◆ **WHAT YOU NEED TO DO**
Retype the whole listing exactly. Leave out pictures.

◆ **DATA SECTION**
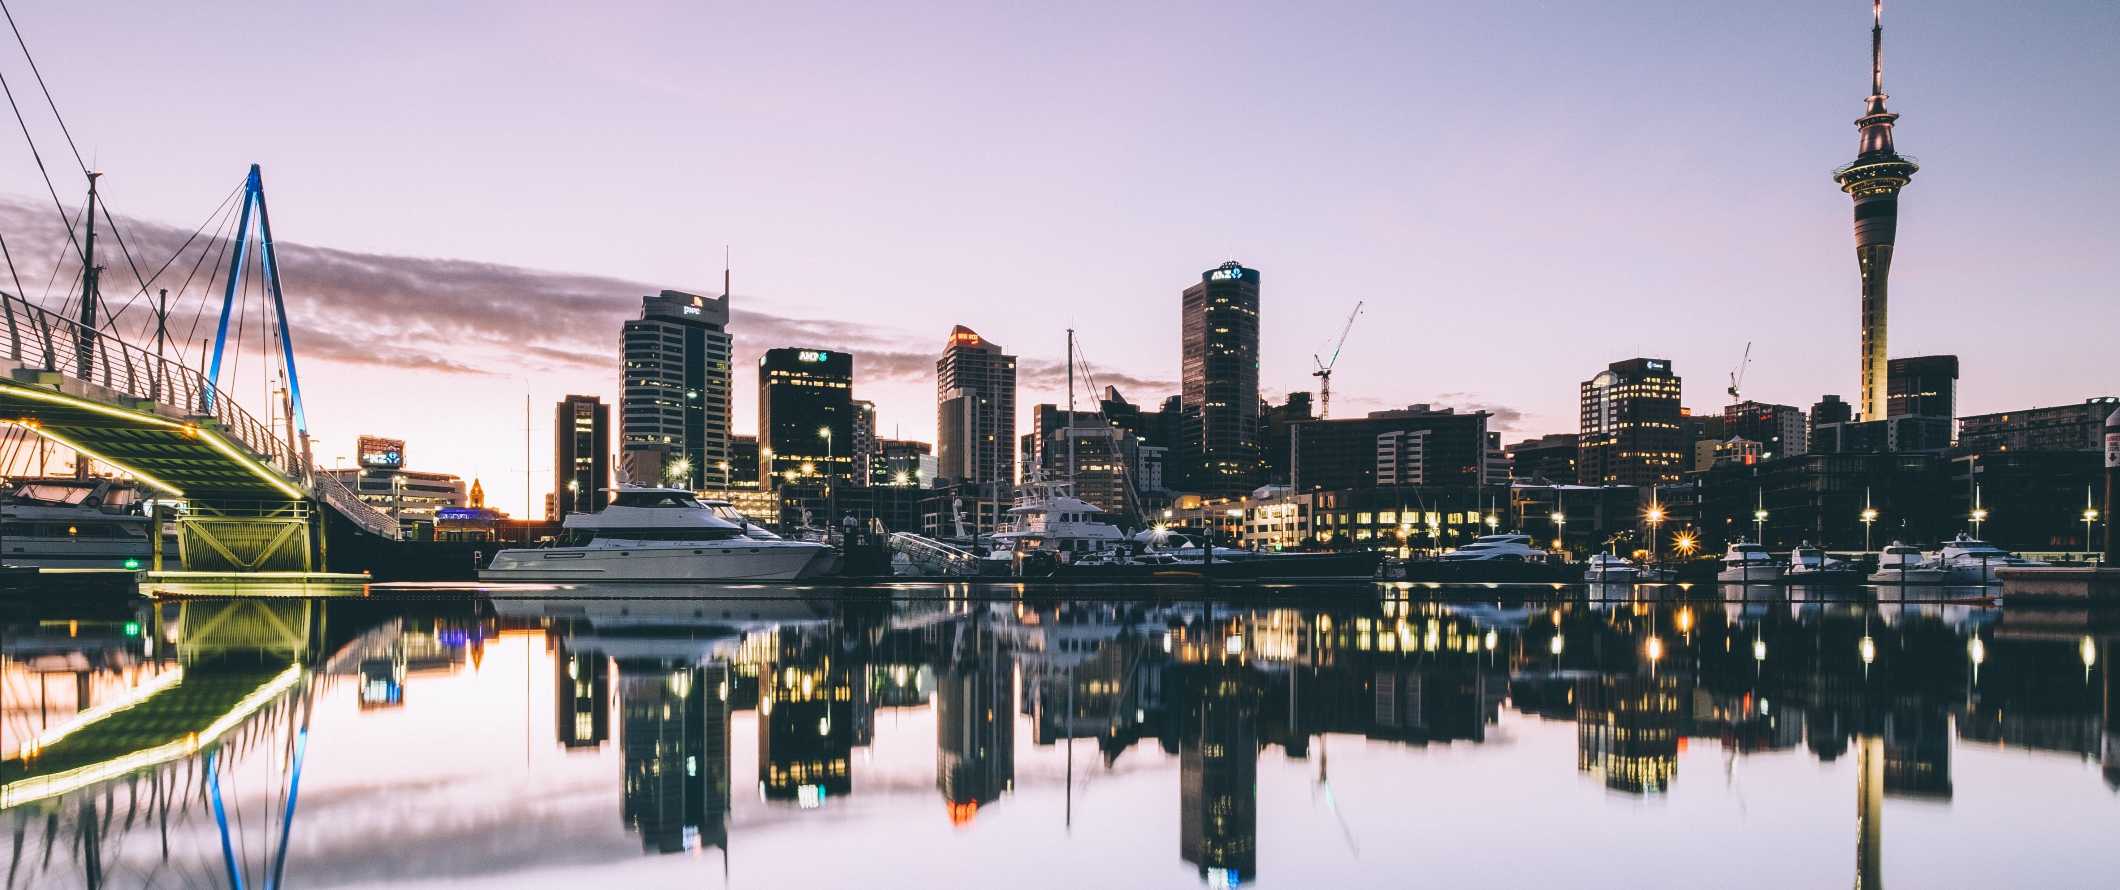 Auckland's harborfront at sunset in New Zealand.
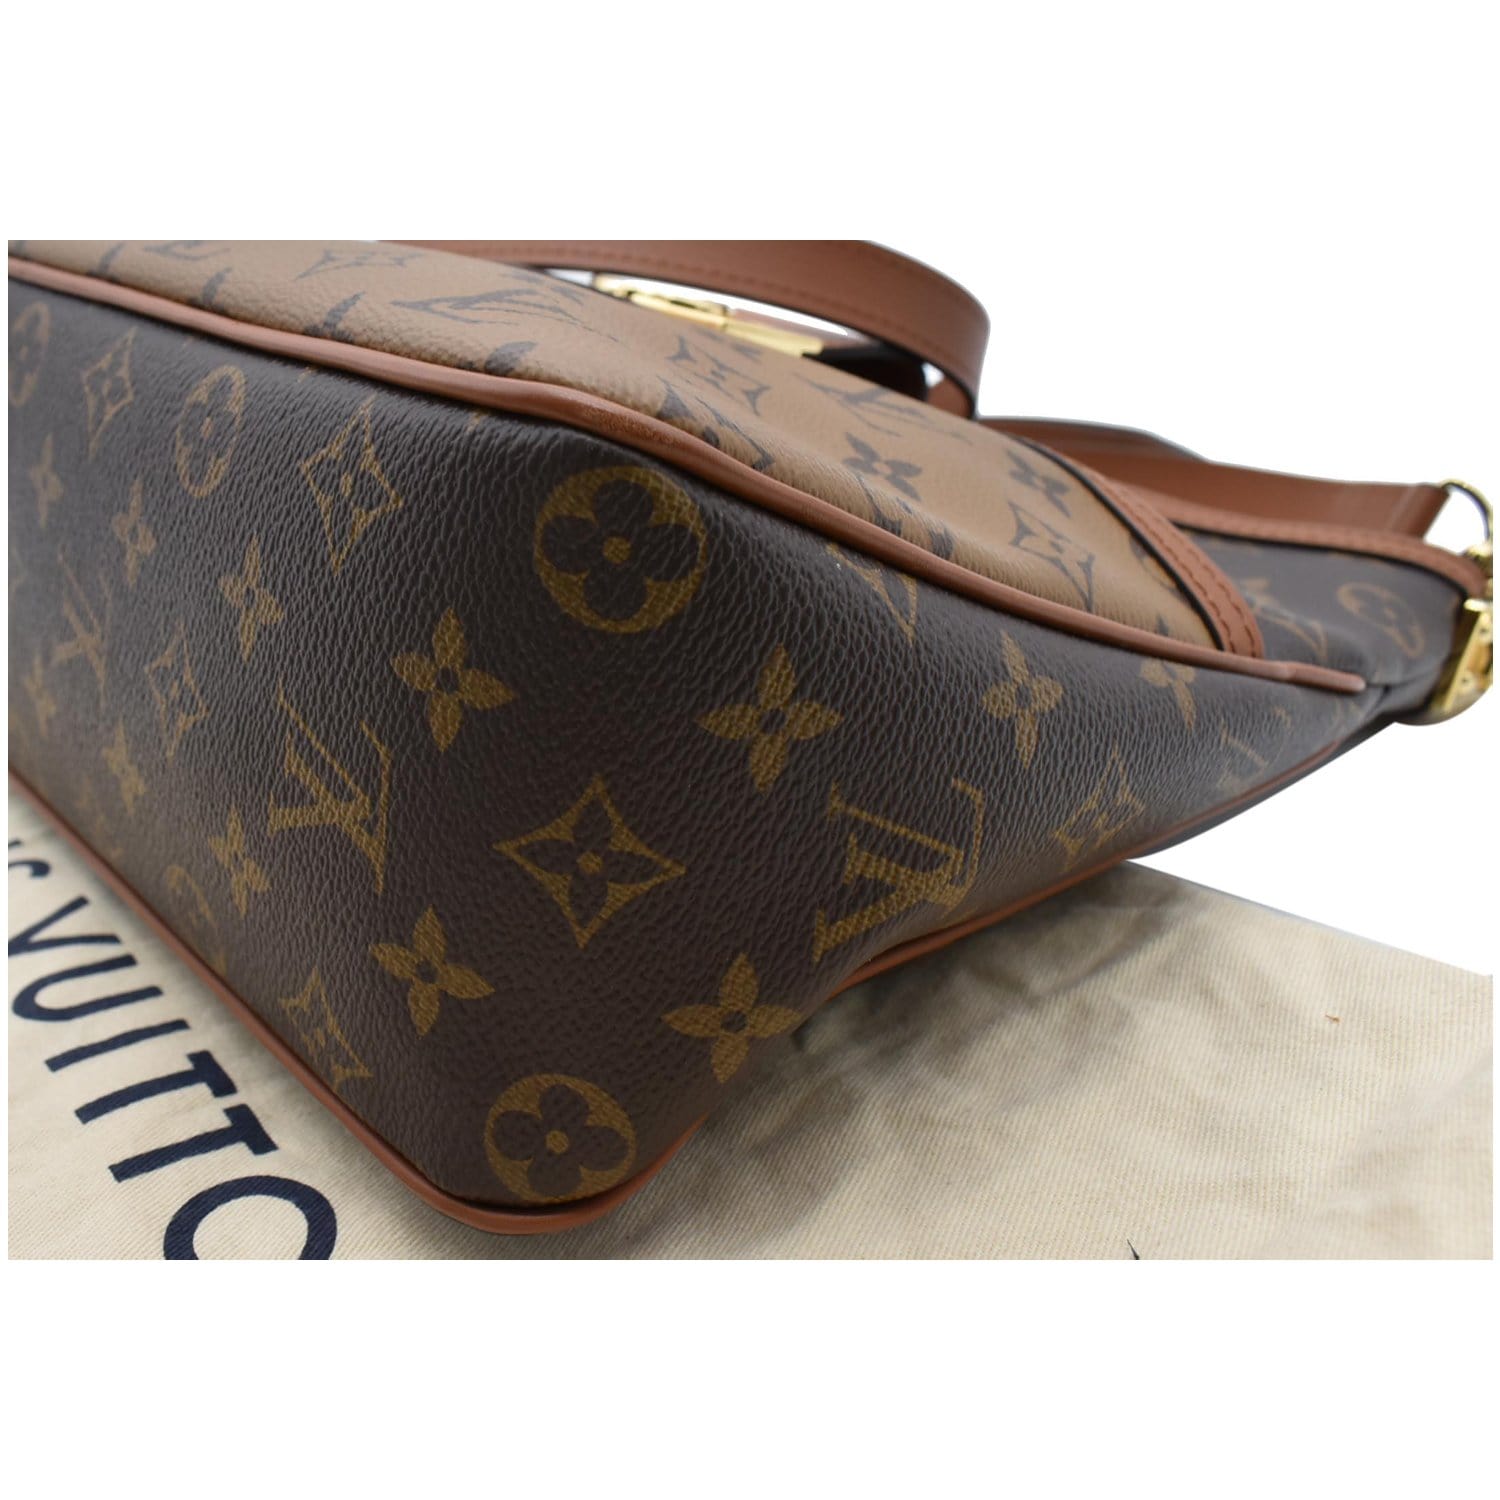 Pre-Owned Louis Vuitton Dauphine Bag 195056/33
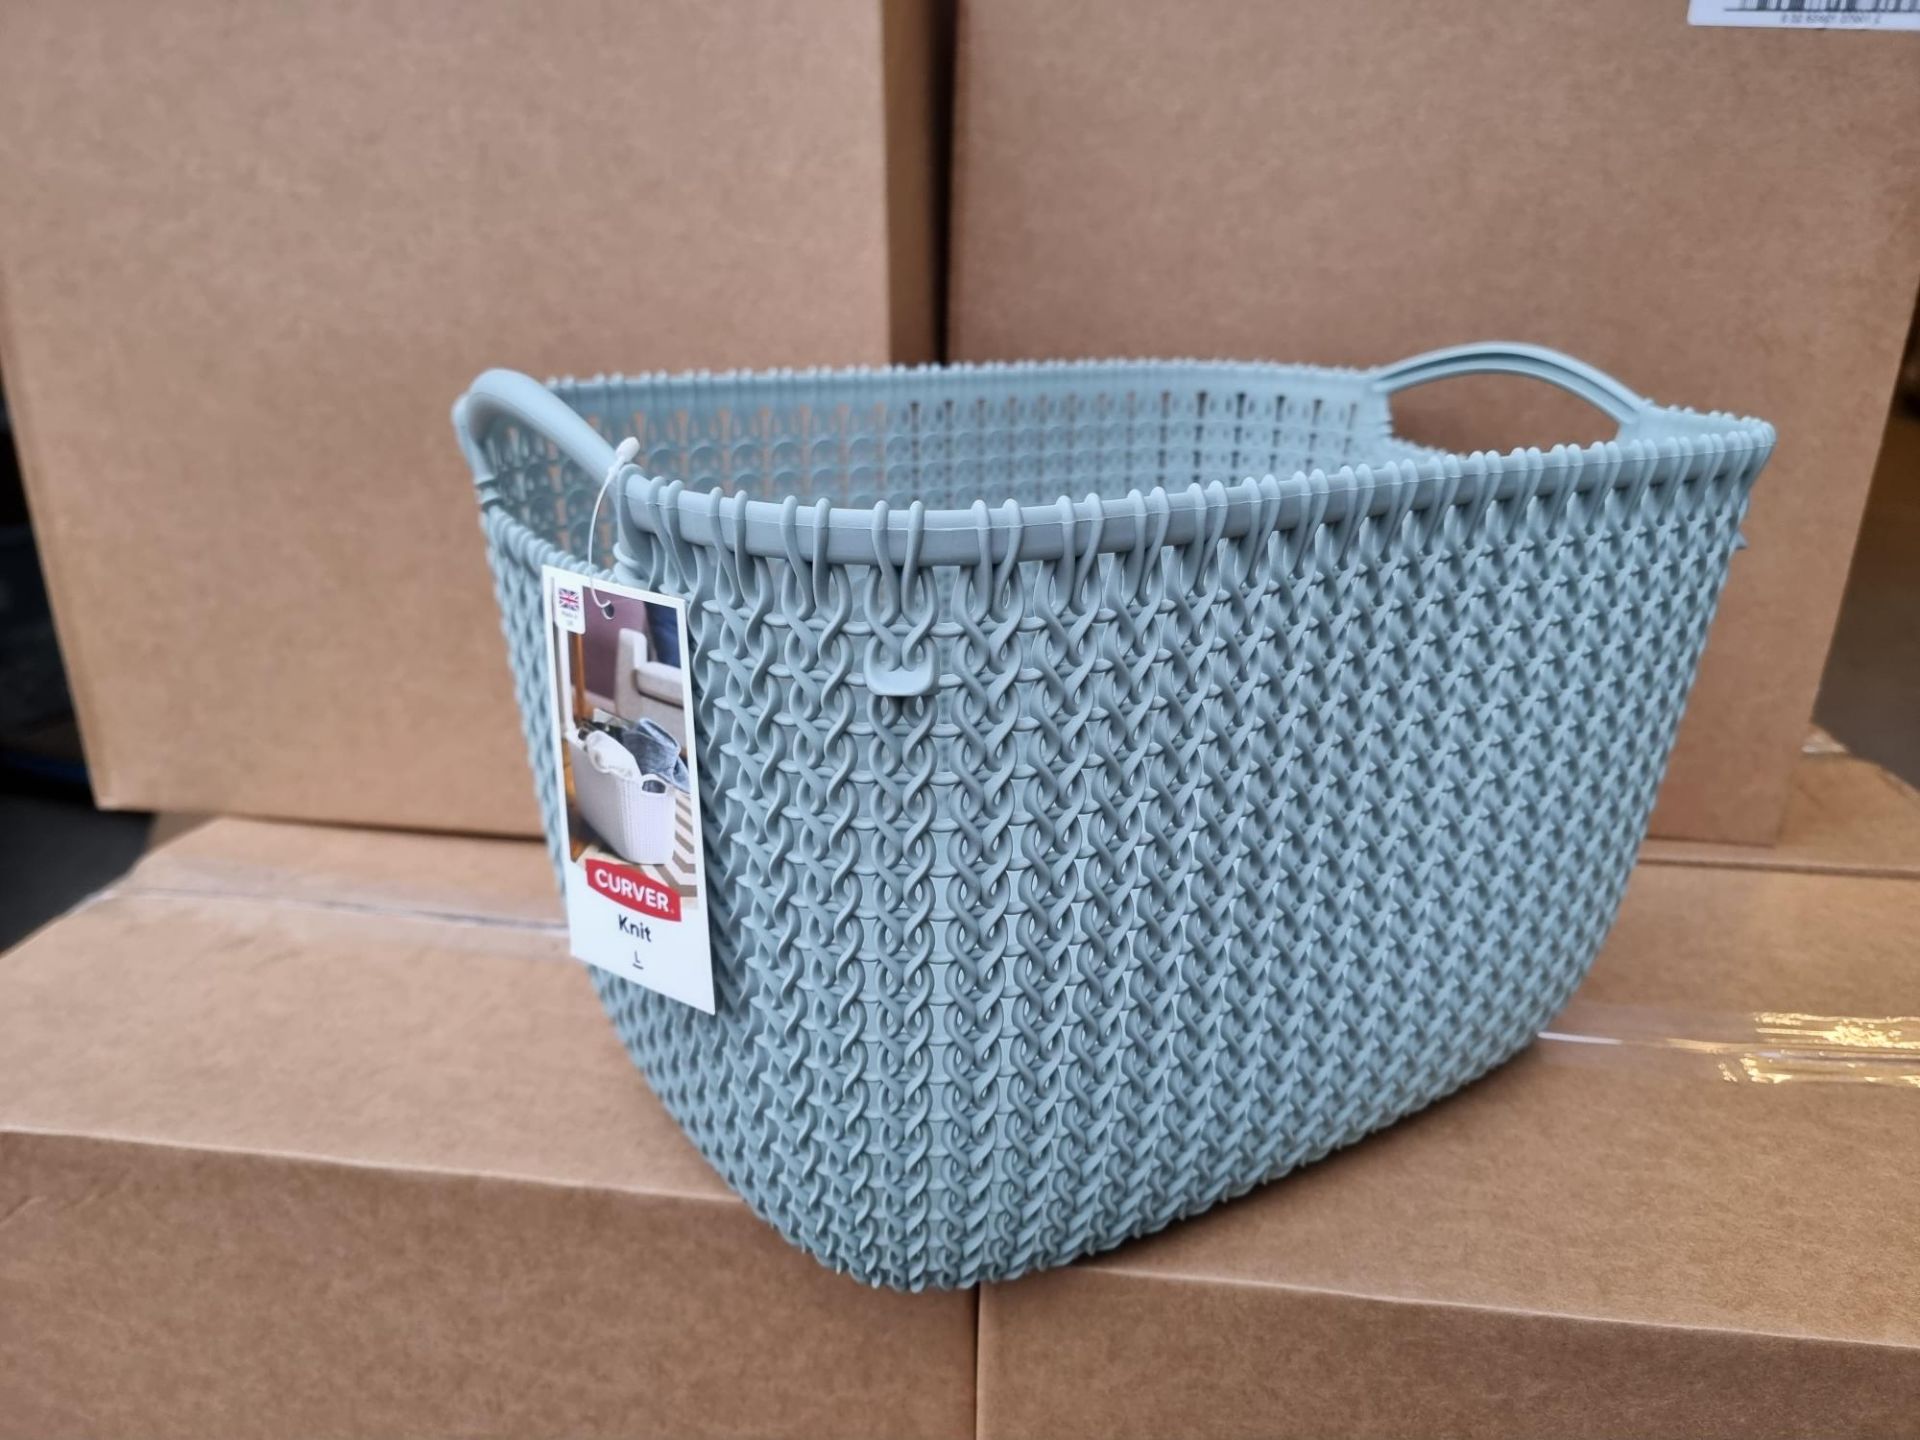 PALLET TO CONTAIN 100 X NEW PACKAGED Curver Knit Rectangular Storage Basket - 19 Litres, Misty Blue.

◆ **RESULT BELOW**
 Auckland's harborfront at sunset in New Zealand.
 Pre-Owned Louis Vuitton Dauphine Bag 195056/33
 PALLET TO CONTAIN 100 X NEW PACKAGED Curver Knit Rectangular Storage Basket - 19 Litres, Misty Blue.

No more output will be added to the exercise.